● Problem to solve
From the entries below, retype only the lines from the one with "Barbara Honigmann, Géraldine" through the one with "Para mujeres Damas", exactly as written.

----

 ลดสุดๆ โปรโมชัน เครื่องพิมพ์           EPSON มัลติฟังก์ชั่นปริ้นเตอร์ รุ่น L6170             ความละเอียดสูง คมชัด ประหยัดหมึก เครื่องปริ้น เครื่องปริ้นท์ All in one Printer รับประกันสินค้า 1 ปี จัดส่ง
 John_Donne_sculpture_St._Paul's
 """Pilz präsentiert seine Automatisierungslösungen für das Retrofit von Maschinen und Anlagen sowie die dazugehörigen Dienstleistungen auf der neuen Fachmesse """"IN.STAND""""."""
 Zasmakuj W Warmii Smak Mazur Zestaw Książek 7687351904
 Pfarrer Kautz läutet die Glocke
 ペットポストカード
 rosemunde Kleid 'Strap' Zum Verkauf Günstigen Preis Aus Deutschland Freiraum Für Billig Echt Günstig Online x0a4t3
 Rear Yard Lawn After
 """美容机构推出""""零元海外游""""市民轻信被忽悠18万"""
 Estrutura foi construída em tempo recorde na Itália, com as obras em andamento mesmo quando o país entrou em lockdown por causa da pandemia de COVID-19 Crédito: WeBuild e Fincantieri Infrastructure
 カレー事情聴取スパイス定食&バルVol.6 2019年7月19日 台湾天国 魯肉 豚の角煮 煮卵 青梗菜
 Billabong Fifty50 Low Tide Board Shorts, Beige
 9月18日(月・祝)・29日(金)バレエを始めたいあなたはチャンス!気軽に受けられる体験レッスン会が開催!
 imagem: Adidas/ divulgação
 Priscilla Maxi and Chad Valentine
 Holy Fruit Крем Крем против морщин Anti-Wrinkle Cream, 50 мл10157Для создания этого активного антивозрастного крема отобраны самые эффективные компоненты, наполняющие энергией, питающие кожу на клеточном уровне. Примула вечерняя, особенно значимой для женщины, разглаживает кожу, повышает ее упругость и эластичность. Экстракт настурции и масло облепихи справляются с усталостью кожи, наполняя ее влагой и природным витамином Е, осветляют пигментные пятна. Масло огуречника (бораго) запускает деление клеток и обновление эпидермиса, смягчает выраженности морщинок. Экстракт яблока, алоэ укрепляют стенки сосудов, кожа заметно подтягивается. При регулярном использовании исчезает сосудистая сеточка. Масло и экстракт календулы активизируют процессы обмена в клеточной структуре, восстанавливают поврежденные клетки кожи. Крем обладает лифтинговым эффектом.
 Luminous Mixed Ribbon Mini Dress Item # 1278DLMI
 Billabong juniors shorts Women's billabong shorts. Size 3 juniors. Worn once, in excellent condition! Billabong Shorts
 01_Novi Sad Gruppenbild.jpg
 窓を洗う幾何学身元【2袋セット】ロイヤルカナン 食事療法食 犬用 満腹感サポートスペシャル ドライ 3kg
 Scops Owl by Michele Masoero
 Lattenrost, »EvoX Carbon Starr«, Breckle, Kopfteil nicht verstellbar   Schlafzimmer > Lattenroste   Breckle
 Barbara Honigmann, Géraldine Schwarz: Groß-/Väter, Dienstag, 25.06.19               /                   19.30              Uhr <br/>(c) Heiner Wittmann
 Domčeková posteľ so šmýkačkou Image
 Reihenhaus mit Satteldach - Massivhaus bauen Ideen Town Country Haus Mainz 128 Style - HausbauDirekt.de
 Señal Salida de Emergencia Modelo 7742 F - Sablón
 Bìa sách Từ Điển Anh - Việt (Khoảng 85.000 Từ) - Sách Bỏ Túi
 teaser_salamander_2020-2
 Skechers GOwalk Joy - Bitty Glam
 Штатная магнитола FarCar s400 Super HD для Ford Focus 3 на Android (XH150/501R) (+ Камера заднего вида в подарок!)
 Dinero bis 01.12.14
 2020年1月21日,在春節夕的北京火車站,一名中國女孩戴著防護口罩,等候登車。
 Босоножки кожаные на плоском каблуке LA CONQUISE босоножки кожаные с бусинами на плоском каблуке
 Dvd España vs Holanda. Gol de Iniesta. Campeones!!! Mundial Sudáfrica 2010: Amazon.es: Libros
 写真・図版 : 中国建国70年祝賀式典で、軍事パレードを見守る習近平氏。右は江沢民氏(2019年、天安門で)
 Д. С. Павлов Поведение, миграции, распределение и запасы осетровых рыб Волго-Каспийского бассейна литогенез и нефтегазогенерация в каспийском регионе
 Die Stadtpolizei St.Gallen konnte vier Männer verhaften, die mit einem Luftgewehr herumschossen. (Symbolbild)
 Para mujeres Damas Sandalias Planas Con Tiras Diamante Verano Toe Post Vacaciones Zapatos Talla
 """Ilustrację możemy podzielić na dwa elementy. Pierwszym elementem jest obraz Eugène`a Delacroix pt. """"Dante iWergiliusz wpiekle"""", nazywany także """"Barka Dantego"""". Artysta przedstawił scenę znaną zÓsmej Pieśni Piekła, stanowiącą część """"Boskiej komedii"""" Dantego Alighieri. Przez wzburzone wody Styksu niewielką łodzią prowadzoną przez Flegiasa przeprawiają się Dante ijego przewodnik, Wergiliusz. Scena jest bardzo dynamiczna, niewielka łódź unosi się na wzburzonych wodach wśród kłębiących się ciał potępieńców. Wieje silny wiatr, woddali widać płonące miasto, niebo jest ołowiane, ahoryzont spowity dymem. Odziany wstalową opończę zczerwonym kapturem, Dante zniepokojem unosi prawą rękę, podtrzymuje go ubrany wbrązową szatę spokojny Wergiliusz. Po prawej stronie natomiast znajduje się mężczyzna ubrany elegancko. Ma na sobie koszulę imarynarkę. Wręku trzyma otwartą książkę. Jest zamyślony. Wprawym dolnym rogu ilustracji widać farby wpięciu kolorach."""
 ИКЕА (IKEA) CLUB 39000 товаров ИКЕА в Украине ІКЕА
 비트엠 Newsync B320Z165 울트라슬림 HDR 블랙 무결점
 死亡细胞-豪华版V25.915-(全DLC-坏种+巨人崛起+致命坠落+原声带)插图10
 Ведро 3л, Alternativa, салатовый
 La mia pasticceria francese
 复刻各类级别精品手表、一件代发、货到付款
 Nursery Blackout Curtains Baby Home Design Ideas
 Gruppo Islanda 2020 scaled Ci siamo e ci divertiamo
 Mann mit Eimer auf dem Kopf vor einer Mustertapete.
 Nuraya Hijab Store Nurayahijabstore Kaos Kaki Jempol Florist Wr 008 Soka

----

● Result of this task
 Barbara Honigmann, Géraldine Schwarz: Groß-/Väter, Dienstag, 25.06.19               /                   19.30              Uhr <br/>(c) Heiner Wittmann
 Domčeková posteľ so šmýkačkou Image
 Reihenhaus mit Satteldach - Massivhaus bauen Ideen Town Country Haus Mainz 128 Style - HausbauDirekt.de
 Señal Salida de Emergencia Modelo 7742 F - Sablón
 Bìa sách Từ Điển Anh - Việt (Khoảng 85.000 Từ) - Sách Bỏ Túi
 teaser_salamander_2020-2
 Skechers GOwalk Joy - Bitty Glam
 Штатная магнитола FarCar s400 Super HD для Ford Focus 3 на Android (XH150/501R) (+ Камера заднего вида в подарок!)
 Dinero bis 01.12.14
 2020年1月21日,在春節夕的北京火車站,一名中國女孩戴著防護口罩,等候登車。
 Босоножки кожаные на плоском каблуке LA CONQUISE босоножки кожаные с бусинами на плоском каблуке
 Dvd España vs Holanda. Gol de Iniesta. Campeones!!! Mundial Sudáfrica 2010: Amazon.es: Libros
 写真・図版 : 中国建国70年祝賀式典で、軍事パレードを見守る習近平氏。右は江沢民氏(2019年、天安門で)
 Д. С. Павлов Поведение, миграции, распределение и запасы осетровых рыб Волго-Каспийского бассейна литогенез и нефтегазогенерация в каспийском регионе
 Die Stadtpolizei St.Gallen konnte vier Männer verhaften, die mit einem Luftgewehr herumschossen. (Symbolbild)
 Para mujeres Damas Sandalias Planas Con Tiras Diamante Verano Toe Post Vacaciones Zapatos Talla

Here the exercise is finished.